Quién puede capitalizar
Hay quienes consideran que la irritación antipolítica puede favorecer a La Libertad Avanza, identificada con el discurso “anticasta” de Javier Milei. Sin embargo en las cercanías de este candidato hay preocupación ante la eventualidad de que un sector de su electorado potencial se incline más bien por expresar su protesta absteniéndose de votar: el candidato ha dedicado muchas de sus últimas intervenciones públicas a reclamar a sus simpatizantes participación, tanto en las urnas como en la fiscalización.La candidatura de Patricia Bullrich, con una prédica fuertemente asociada al tema de la seguridad y el orden en las calles, podría también verse indirectamente favorecida por el clima de indignación suscitado por la muerte de Morena, más allá de que el lamentable suceso ocurriera en el bastión de un alcalde y candidato de su propia corriente.
En la imagen de Sergio Massa el tema seguridad también es un activo, que construyó en sus tiempos de intendente de Tigre –fue pionero en el empleo de cámaras de seguridad en calles y puntos neurálgicos-, de modo que la atmósfera de mano dura que impera en la previa de las PASO no lo encuentra mal montado. Su campaña recordó esos antecedentes. Sin embargo, el peligro del ausentismo lo afecta. La cifra absoluta que él obtenga en octubre (más que el porcentaje) será la que atraerá la atención de los críticos. El oficialismo perdió casi 5 millones de votos entre la elección (presidencial) de 2019 y los comicios (de renovación legislativa) de 2021. En términos porcentuales pasó del 48 al 32 por ciento. Alcanzar como fuerza en las PASO un porcentaje que emule el de 2021 representaría un módico triunfo como punto de partida.
Piedra, papel y tijera
La información más esperada del domingo será, en rigor, el resultado de la primaria de Juntos por el Cambio Esa interna es la verdaderamente competitiva en estas PASO.Un triunfo de Patricia Bullrich permitiría, quizás, que Massa ocupe con más comodidad el centro del tablero político para atraer a votantes de Larreta que desconfían de la línea confrontativa de ella y temen que provoque situaciones de gran tensión.
La apuesta de Larreta es a construir “una nueva mayoría” a través del diálogo político y los acuerdos y, aunque por cierto Bullrich, en caso de ganar la interna, se movería hacia posiciones más conciliadoras y realistas que las que ha empleado en la campaña PASO buscando fidelizar al público opositor más intenso, le resultará difícil diluir en unas pocas semanas el estilo de peleadora frontal (a todo o nada) en el que se afirmó hasta ahora.
La atracción de la interna opositora, la única primaria en la que hay una competencia real, seguramente determinara que en ella no voten solo seguidores de la oposición, sino otros actores, quizás guiados por sus propios motivos e intereses.
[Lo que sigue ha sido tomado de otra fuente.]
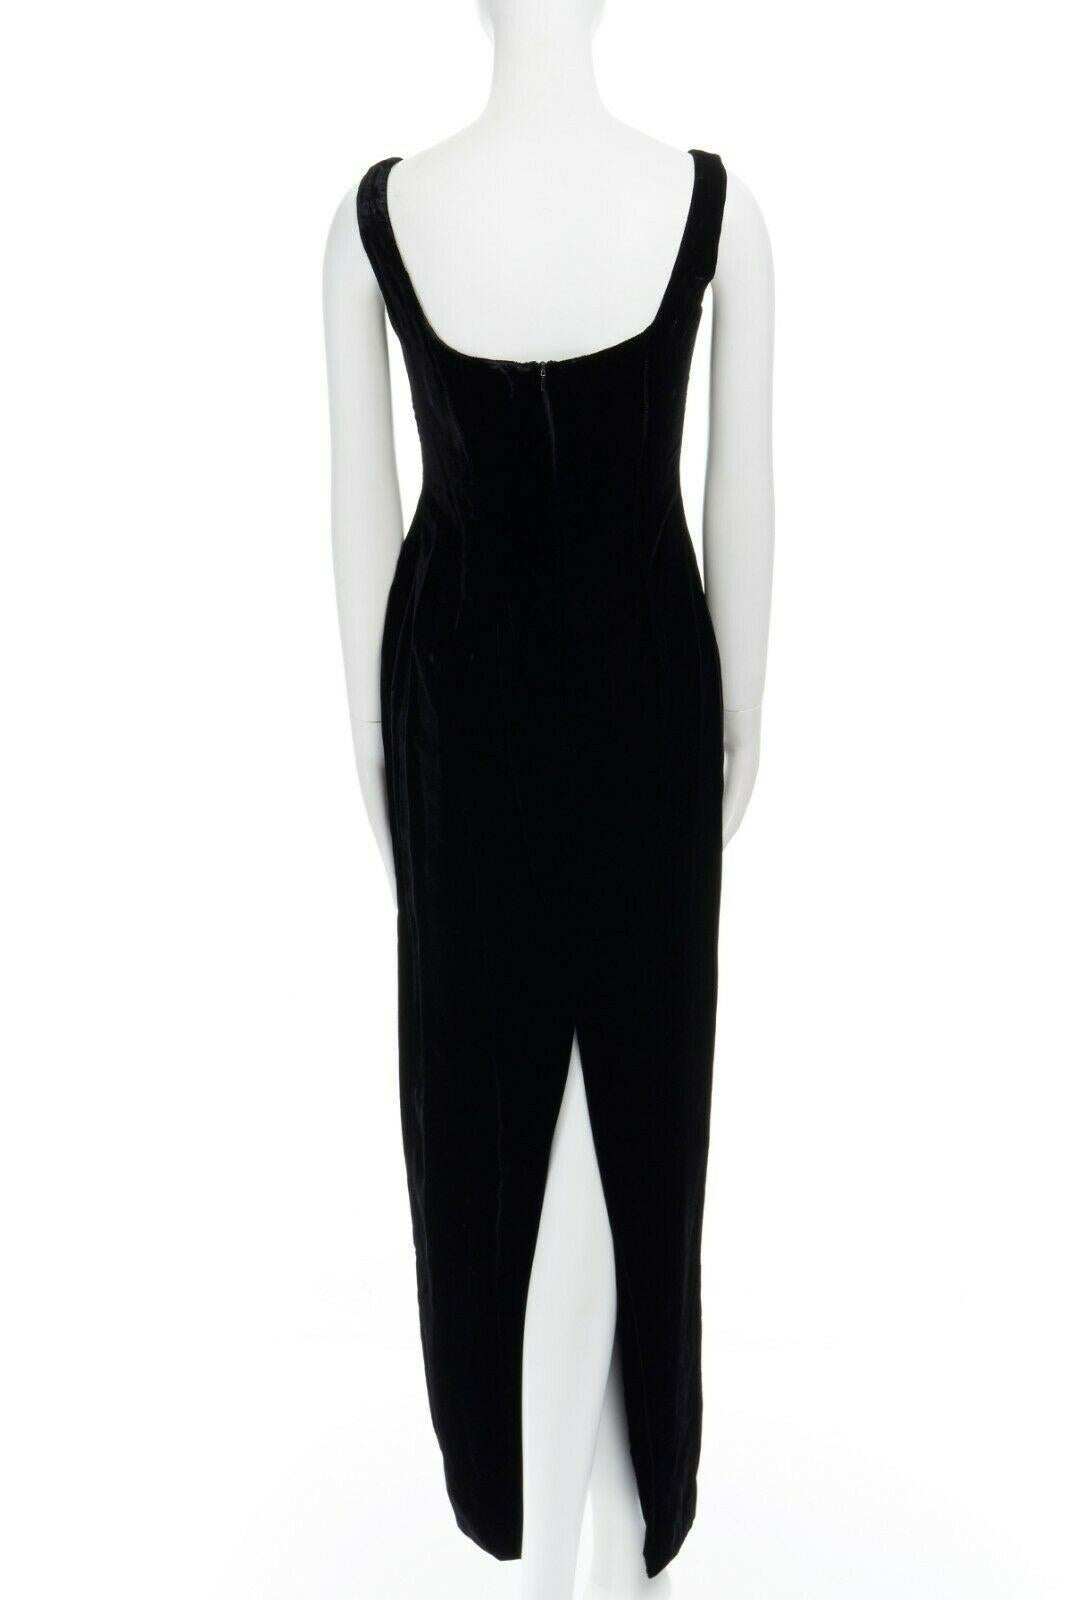 DAVID FIELDEN black velvet sequins lace scallop neckline gown dress UK12 US8 M 1

Como las PASO, según lo indica la A de la sigla, son “abiertas”, esa participación ajena no sería en modo alguno ilegítima. Muchos suponen que un sector del electorado antimacrista –por ejemplo peronistas y kirchneristas, pero no sólo ellos- puede intervenir en la interna de Juntos por el Cambio en favor de Lousteau para castigar la influencia de Mauricio Macri. El escrutinio permitirá comprobar si efectivamente ocurre un corte de boleta significativo (como el que perjudicó a Luis Juez en la elección provincial cordobesa).
En unas horas empezarán a develarse algunas de estas incógnitas. Y se abrirán otras.